Read trimming and merging
Before running any of the methods, the raw Illumina reads were trimmed using CutAdapt (Martin 2011). Next, we applied PEAR (Zhang et al. 2014) for merging self-overlapping read pairs. This resulted in a final read set containing both single-end and paired-end reads, on which we ran SAVAGE. For the other methods (MLEHaplo, PredictHaplo, ShoRAH, and VICUNA) we used the trimmed reads without merging, since neither of these methods accepts a combination of single- and paired-end reads. In addition, MLEHaplo required an error correction step on the input reads which was performed using MultiRes (Malhotra et al. 2016a).
MetaQUAST evaluation
We use MetaQUAST (Mikheenko et al. 2016) for quality evaluation of the assembled contigs, which evaluates the contigs against each of the true viral genomes. By default, MetaQUAST uses the option ‐-ambiguity-usage all, which means that all possible alignments of a contig are taken into account.
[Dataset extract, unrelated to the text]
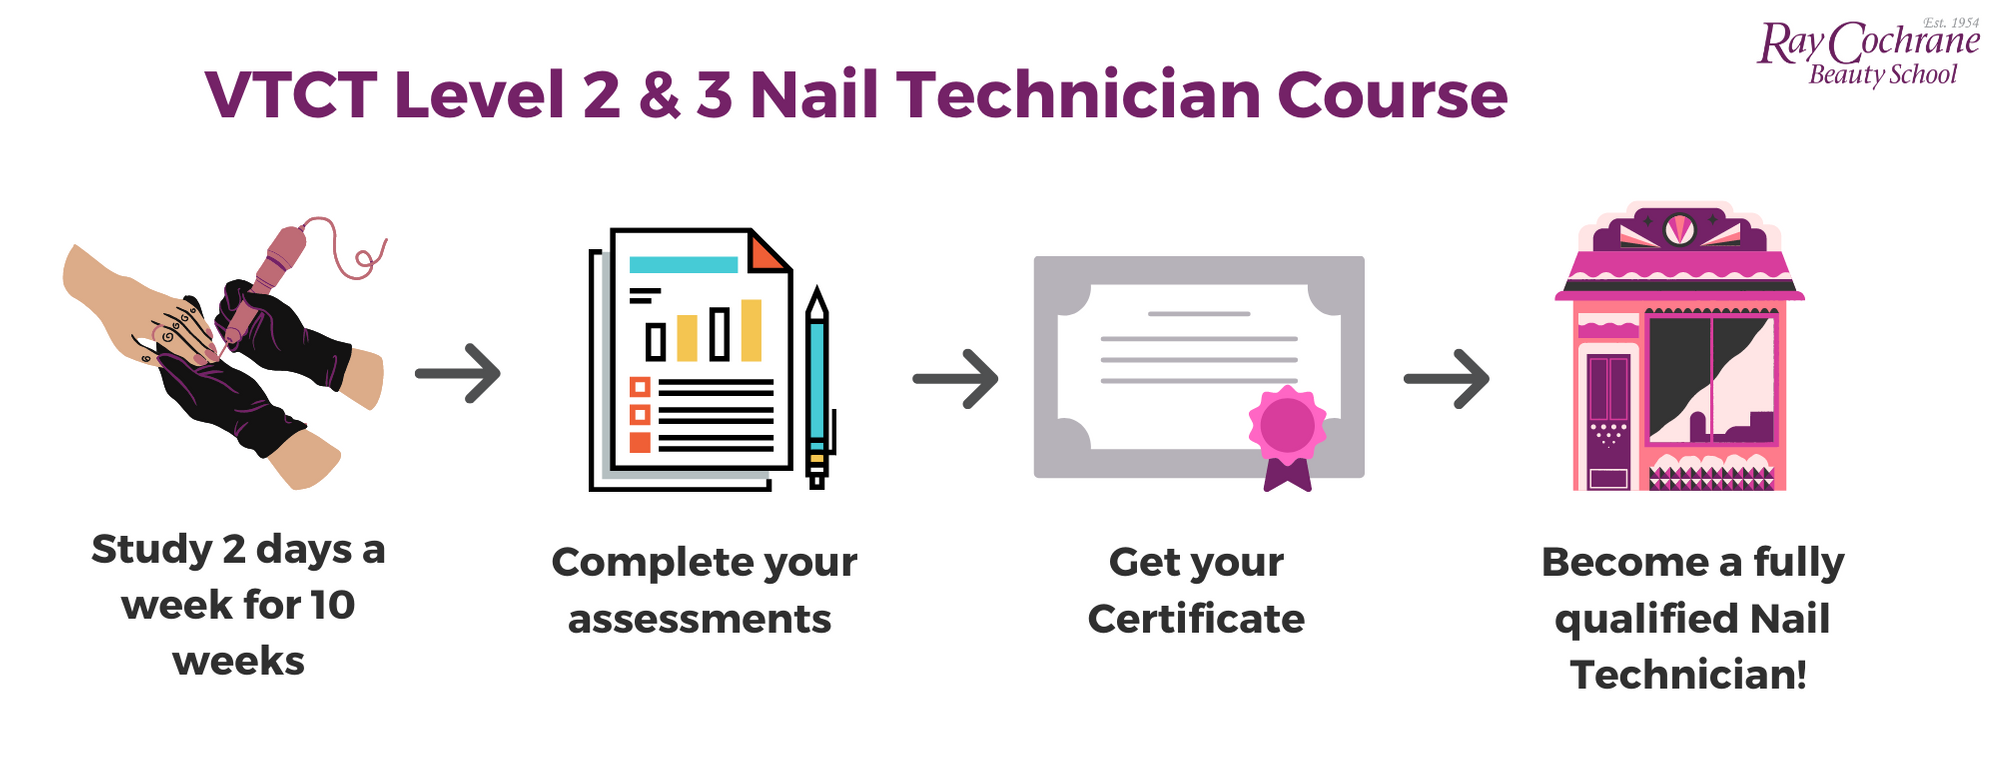 level 2& 3 nail technician qualification process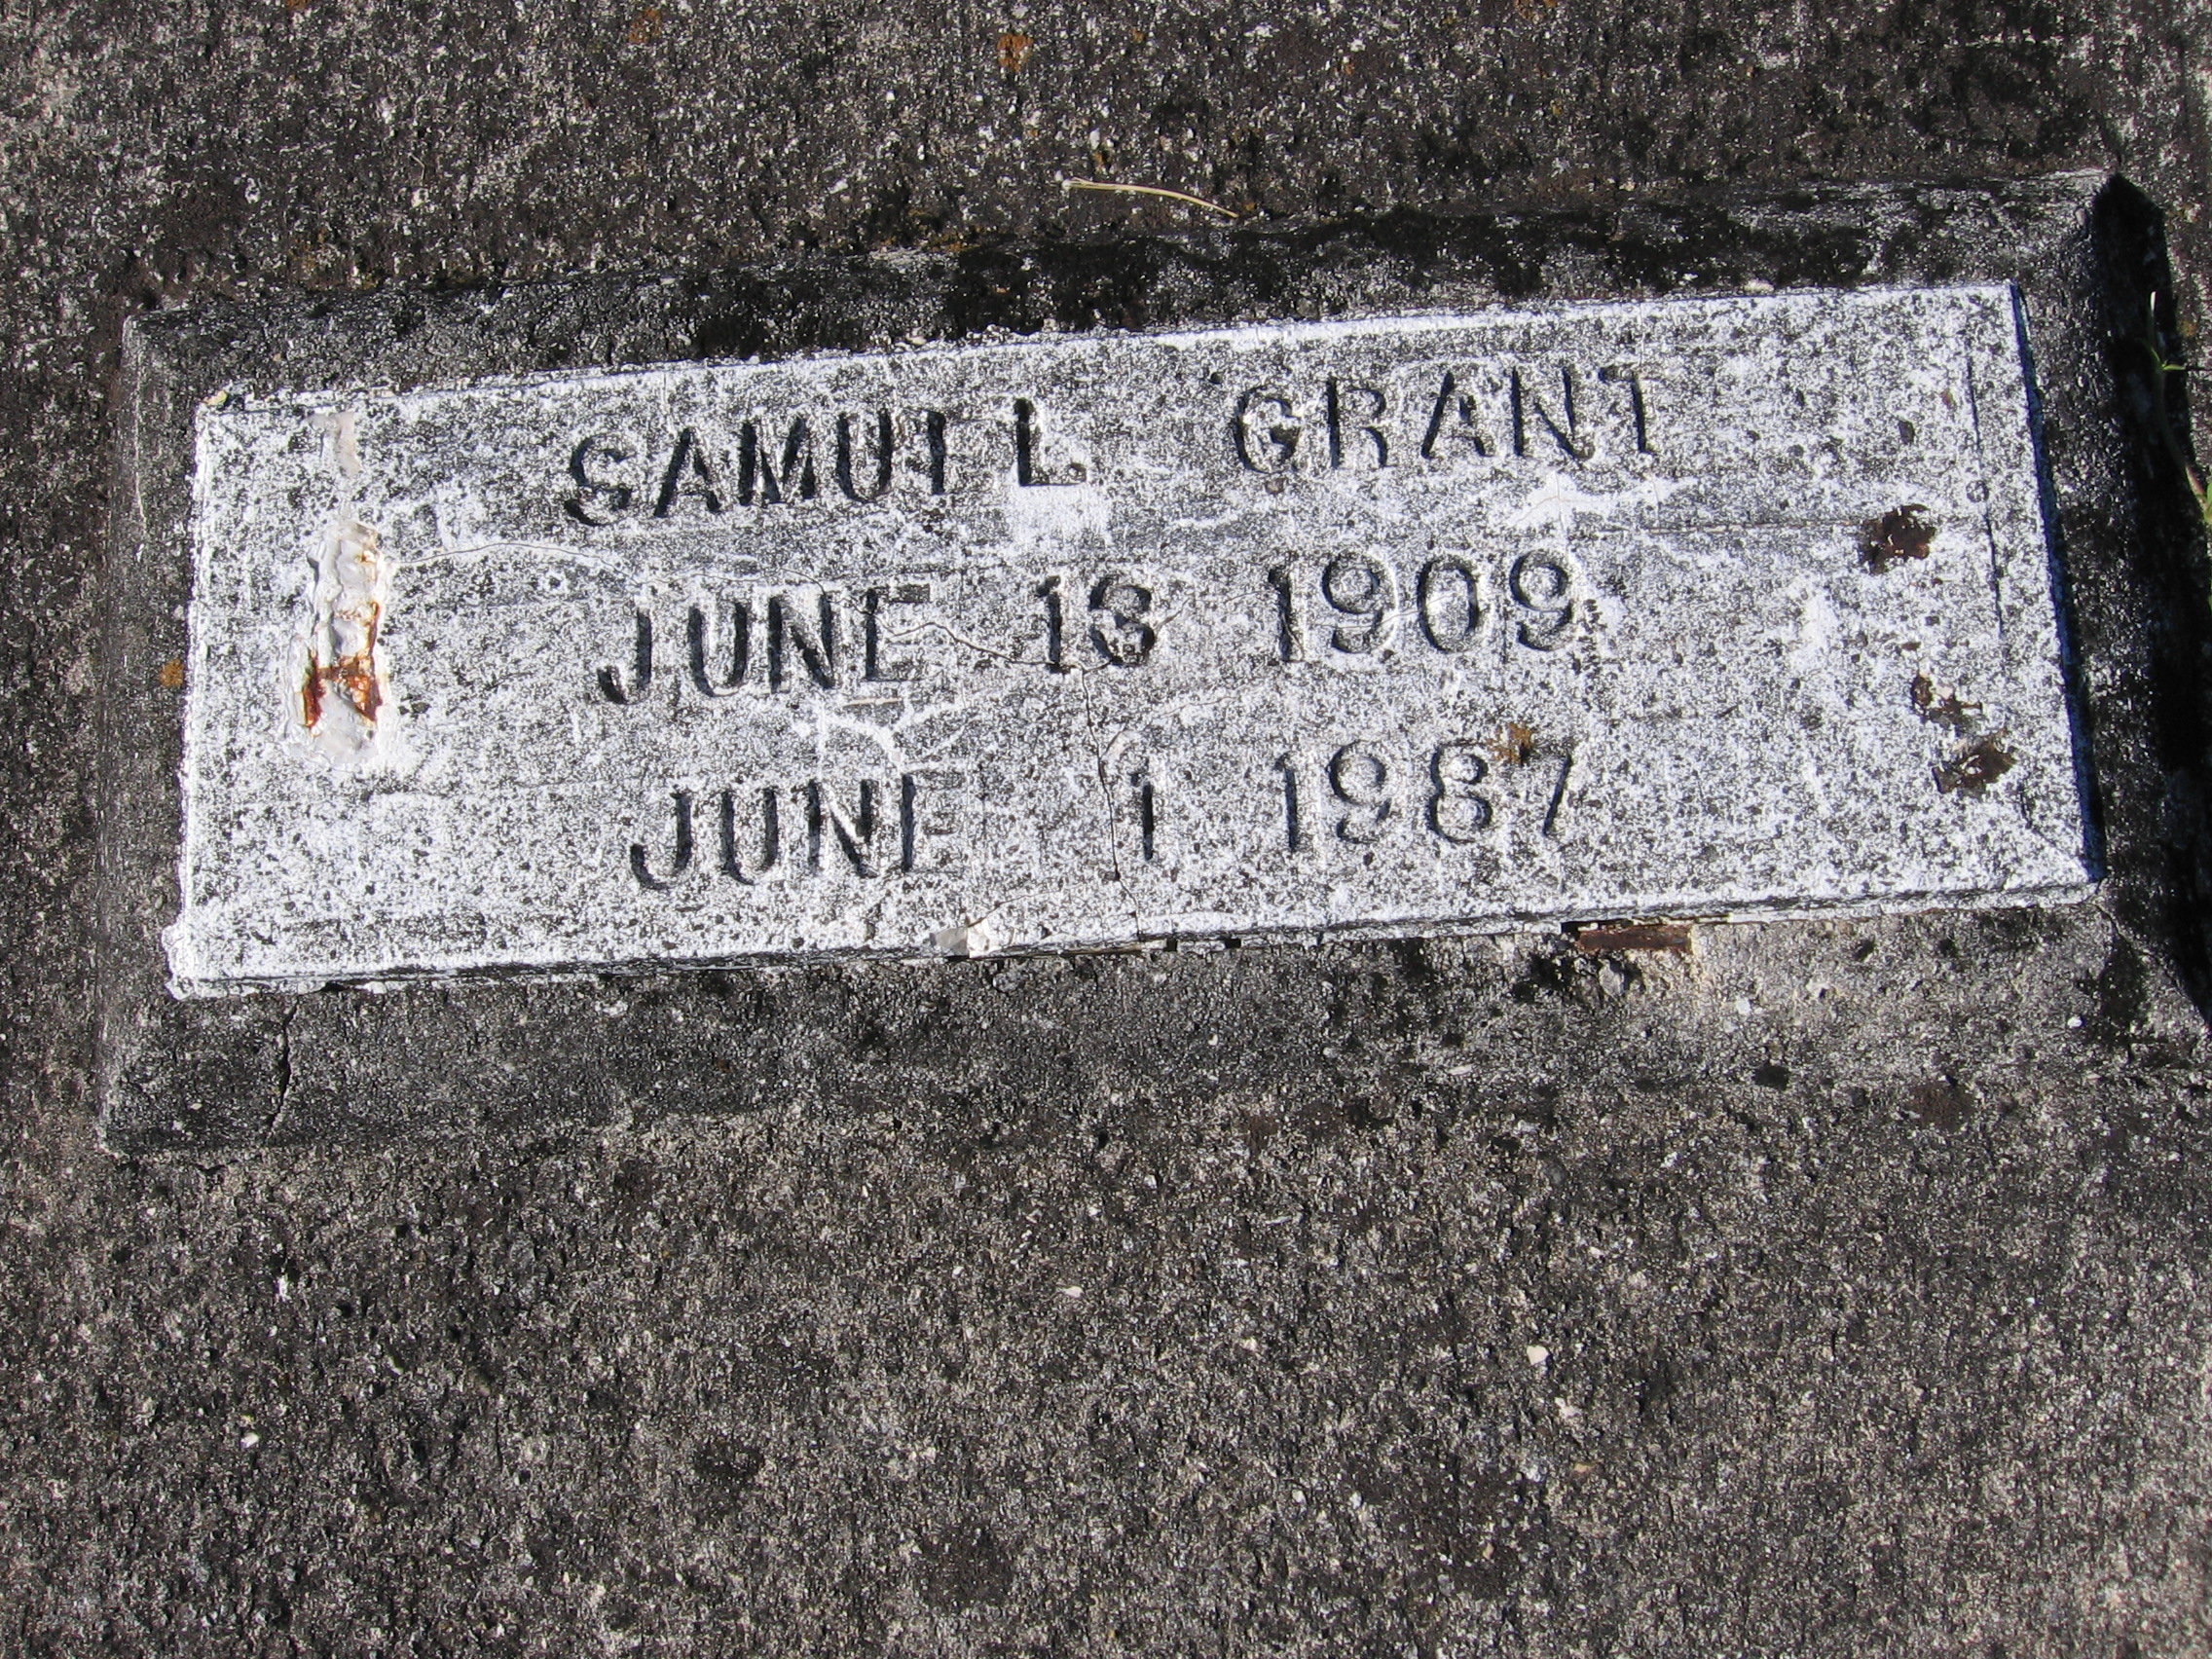 Samuel Grant

However, the genomes in a viral quasispecies can be so similar that a contig may align to multiple strains, even though it only matches one haplotype. Therefore, we manually changed this option to ‐-ambiguity-usage one, such that for every contig only the best alignment is used. Contigs shorter than 500 bp were ignored during evaluation.
Data and software availability
A C++ implementation of SAVAGE is available for public use at https://bitbucket.org/jbaaijens/savage. The lab mix used for experiments can be downloaded from https://github.com/cbg-ethz/5-virus-mix and both the ZIKV and HCV data are available in the NCBI Sequence Read Archive under experiment SRX1678783 (run SRR3332513) and experiment SRX396803 (run SRR1056035), respectively. All simulated data sets can be downloaded from https://bitbucket.org/jbaaijens/savage-benchmarks.
Acknowledgements
AS acknowledges funding through Vidi grant 639.072.309, provided by the Netherlands Organisation for Scientific Research (NWO). ER, AZ are supported by ANR Colib’read (ANR-12-BS02-0008), the Institut de Biologie Computationnelle (ANR-11-BINF-0002), and France Génomique.
Disclosure declaration
The authors declare that they have no conflict of interest.